The other piece. I just want to maybe go to No. 3 around the westernized mentalities, and then I’ll shut up and let my colleagues speak. Here’s one of the things I’ve noticed over 43 years of practice. We often focus on programs. It’s like: “Oh, we have to have more money for this program” or “We’re going to take money from this program in order to put it over there.”
I think what our speakers have really illustrated today is that that actually just keeps us chasing the programs and the dollars and not thinking transformationally. It’s like: “Okay. Well, if we’re trying to raise a child up in a good way, how do we need to think about the child’s context, the child’s environment, and how do we support the families to support the child to thrive?” It’s a very different kind of systemic orientation.
I think your point about how we’ve got a very Westernized approach…. I’ve been raised up in that.

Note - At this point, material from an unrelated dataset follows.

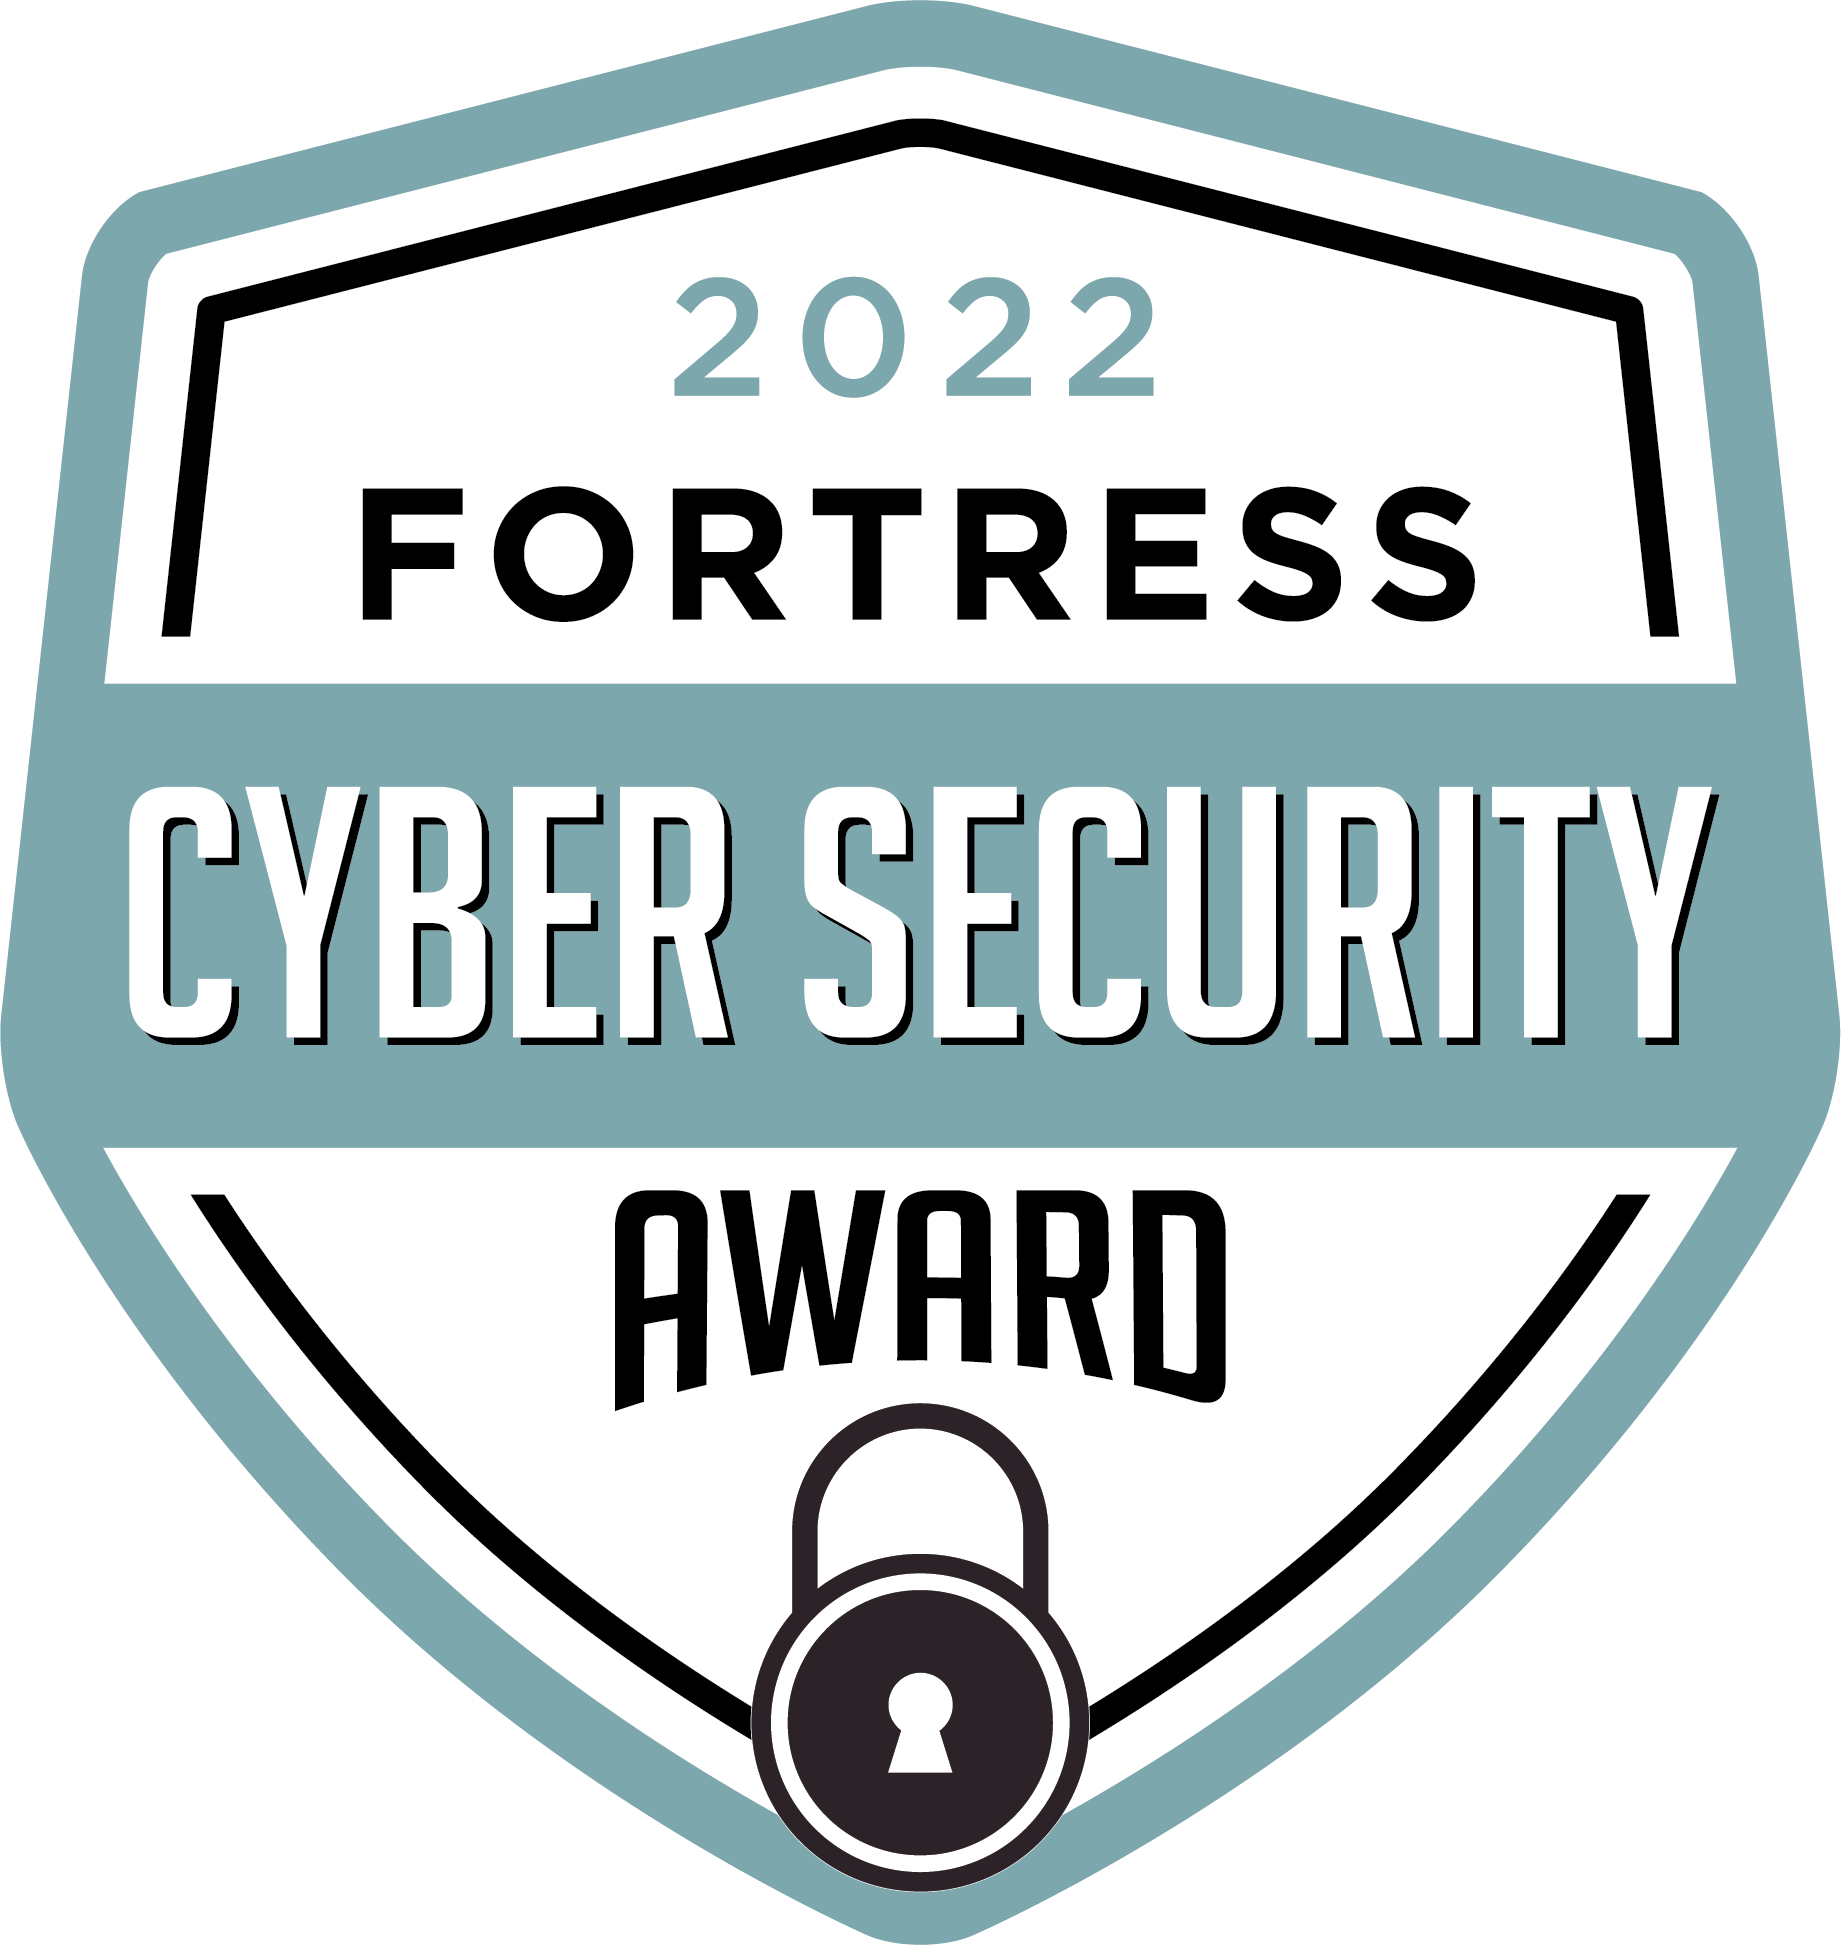 Fortress award

We very much are program- and funding-driven, not taking a look at: what’s the system that we’ve created, and what’s the environment in which we’re lifting up our children and our families and our communities?
With that, I’ll look to Leslie, Jackie and Gwen. Each will have something beautiful to offer on that and also that cost-and-benefit piece.
Who would like to go next?
G. Phillips: I’ll give you a piece of philosophy. Our Elders have told us the best place to store your extra meat is in the belly of your neighbour, for example. Now, that type of philosophy, what does it mean? It means that we are a social economy. We are people that were so dependent and interdependent on each other and our environments. We still recognize that. We still know that what you do to the soil will determine how well that tree will grow.
My language, the Ktunaxa language…. The word ʔa.kuk’pukam means, literally, taking your life from the earth. It’s a tree. It’s a plant. It’s roots, really. ʔa.kuk’pukamnam — I’m adding a suffix, nam, to that original word. It now turns to a human’s children, grandchildren, great-grandchildren.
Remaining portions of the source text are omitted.